I have a pretty solid faith in my body. It’s always served me well. That’s because I’ve taken care of it. Vegetarian for coming on to 30 years now. Someone was laughing tonight about when he’d asked me how I got abs, and I said I’d always had them. I guess that’s unusual. But it shouldn’t be. Be active, and don’t be fat. No mystery. The unusual thing must be that I’ve always just naturally used core strength. An unintended benefit. The intended benefit, of my lifelong habit of fitness, is good health. There are no guarantees -- diet won’t stop a bullet, and while disease isn’t as arbitrary as most people are pleased to believe (because it relieves them of responsibility), it can still strike anyone for no discernible reason. The lottery of the gods. We are here for their amusement. Consider my servant Job

A few days ago someone I care about got a severe knee injury. Needs surgery and no insurance. Some of the fellas got the idea to take up a collection. When we think about all the money we waste on all the crap we buy, I suppose helping a young man with a catastrophic injury shouldn’t be at the bottom of the list. We cannot find any guarantee of safety. A sword hangs over every head. But someone told me that quite a few guys were interested in helping. It’s enough to make you weep. The only guarantee we can count on is the one we make ourselves, and keep. There’s only one light in the world, and it shines through, out of how we treat each other.

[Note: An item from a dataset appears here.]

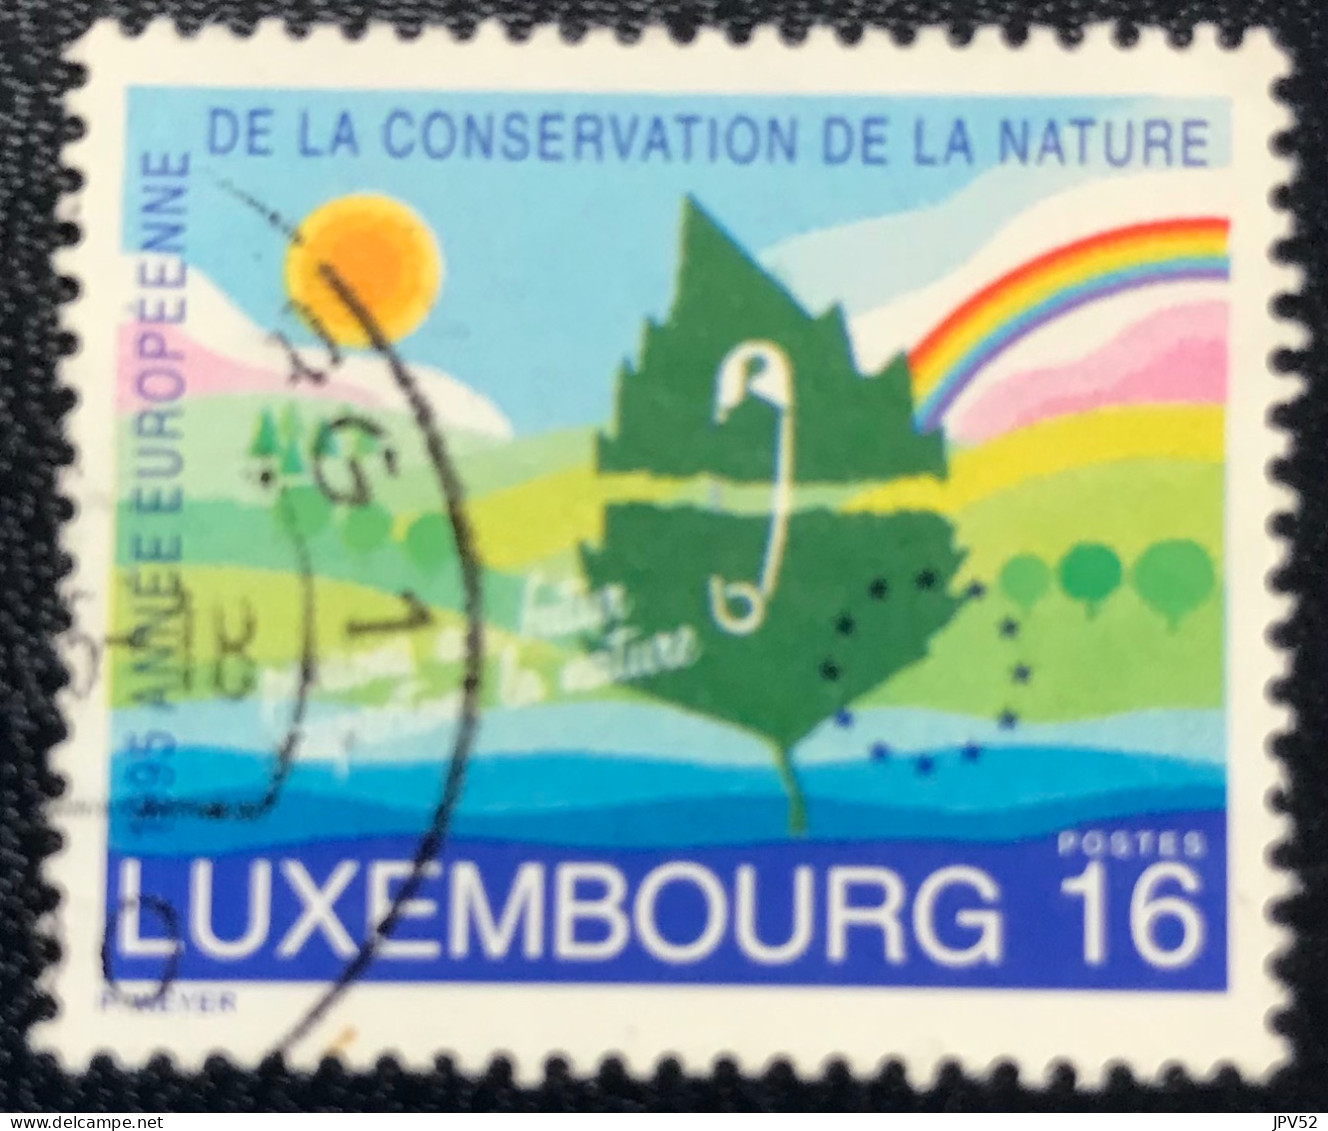 Luxembourg - Luxemburg - C18/30 - 1995 - (°)used - Michel 1373 - Natuurbescherming - Used Stamps
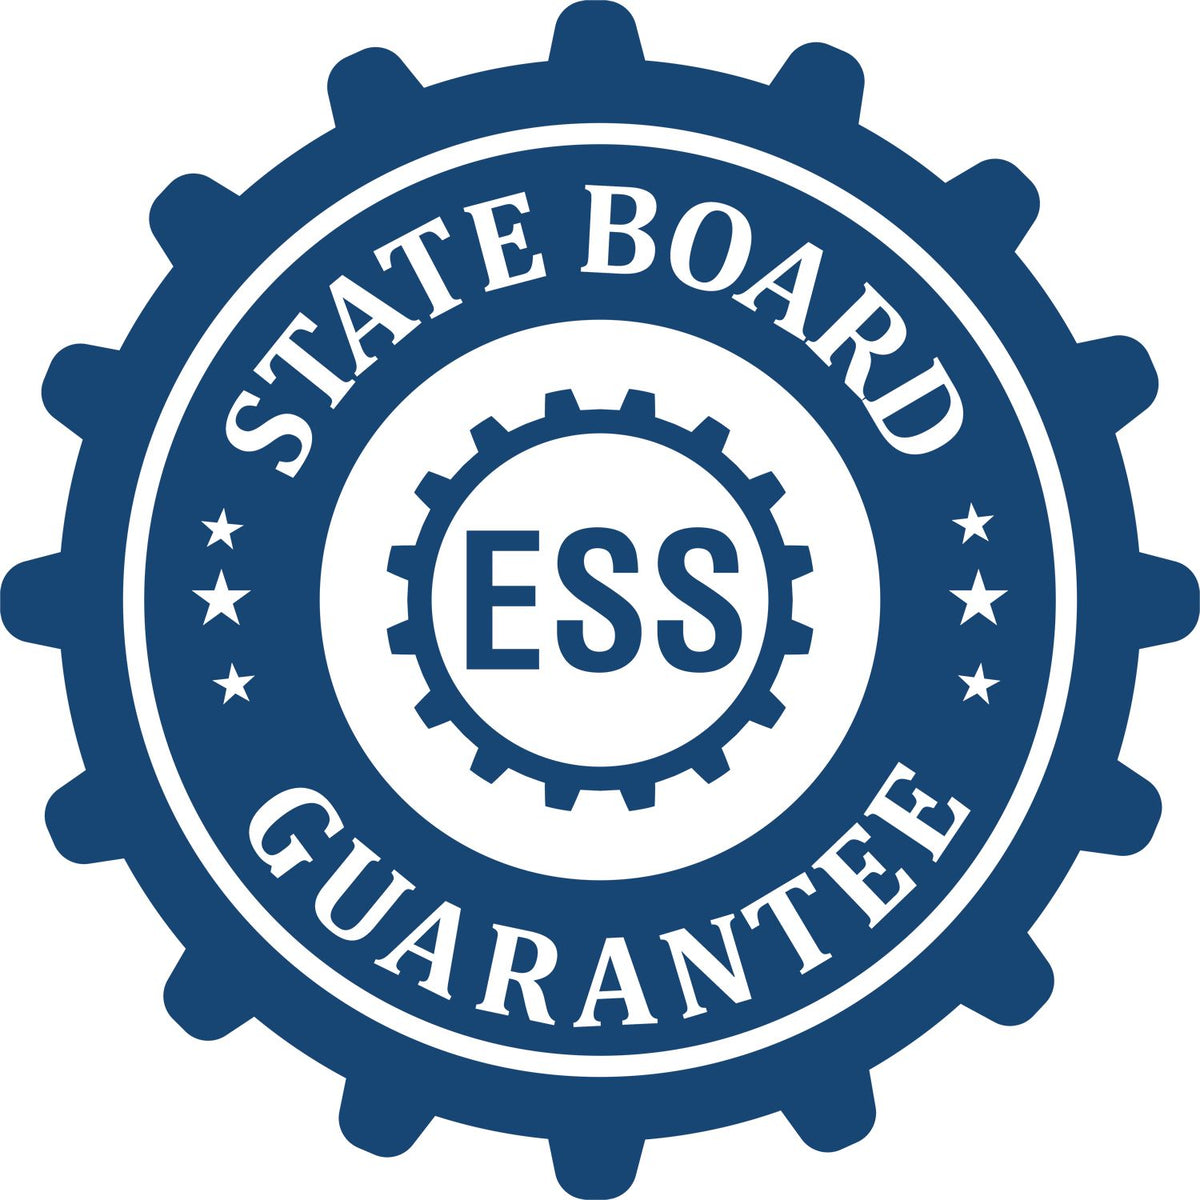 An emblem in a gear shape illustrating a state board guarantee for the Hybrid Washington Landscape Architect Seal

A few days ago my step-father had a fall, and is in the emergency room right now. He’s Parkinsonian, and diabetic, and seems to be getting Alzheimer’s. It’s gotten to be too much for my mother. I’m going to have to move into their house. Well, I’ve moved before. I’ve closed up households before. I’m an empty-nester. My step-father is a dear man, and I have always loved him. I was the first of us to see his qualities. But he treated his body like a garbage can, and now he is miserable and a burden to my mother. I’ll try to shoulder some of the burden. It’s not like I have a lot of chicks over. I go to their place. It’s the gentlemanly thing to do.

You see? So much pain. So little certainty. We can put faith in virtually anything. Hardly anything is faithful. Suffering, saints inform us, has a purpose. Sages tell us that wisdom grows out of anguish, as flowers spring from manure. Who am I to argue? If I were another man, though, I would take up those I love in my long arms and do what I could to take their suffering into myself. Now, though, bound up in ice as I am, I will make do with prayer. Maybe it works. If it doesn’t, we can dispense with meaning altogether, and let flames consume all flesh.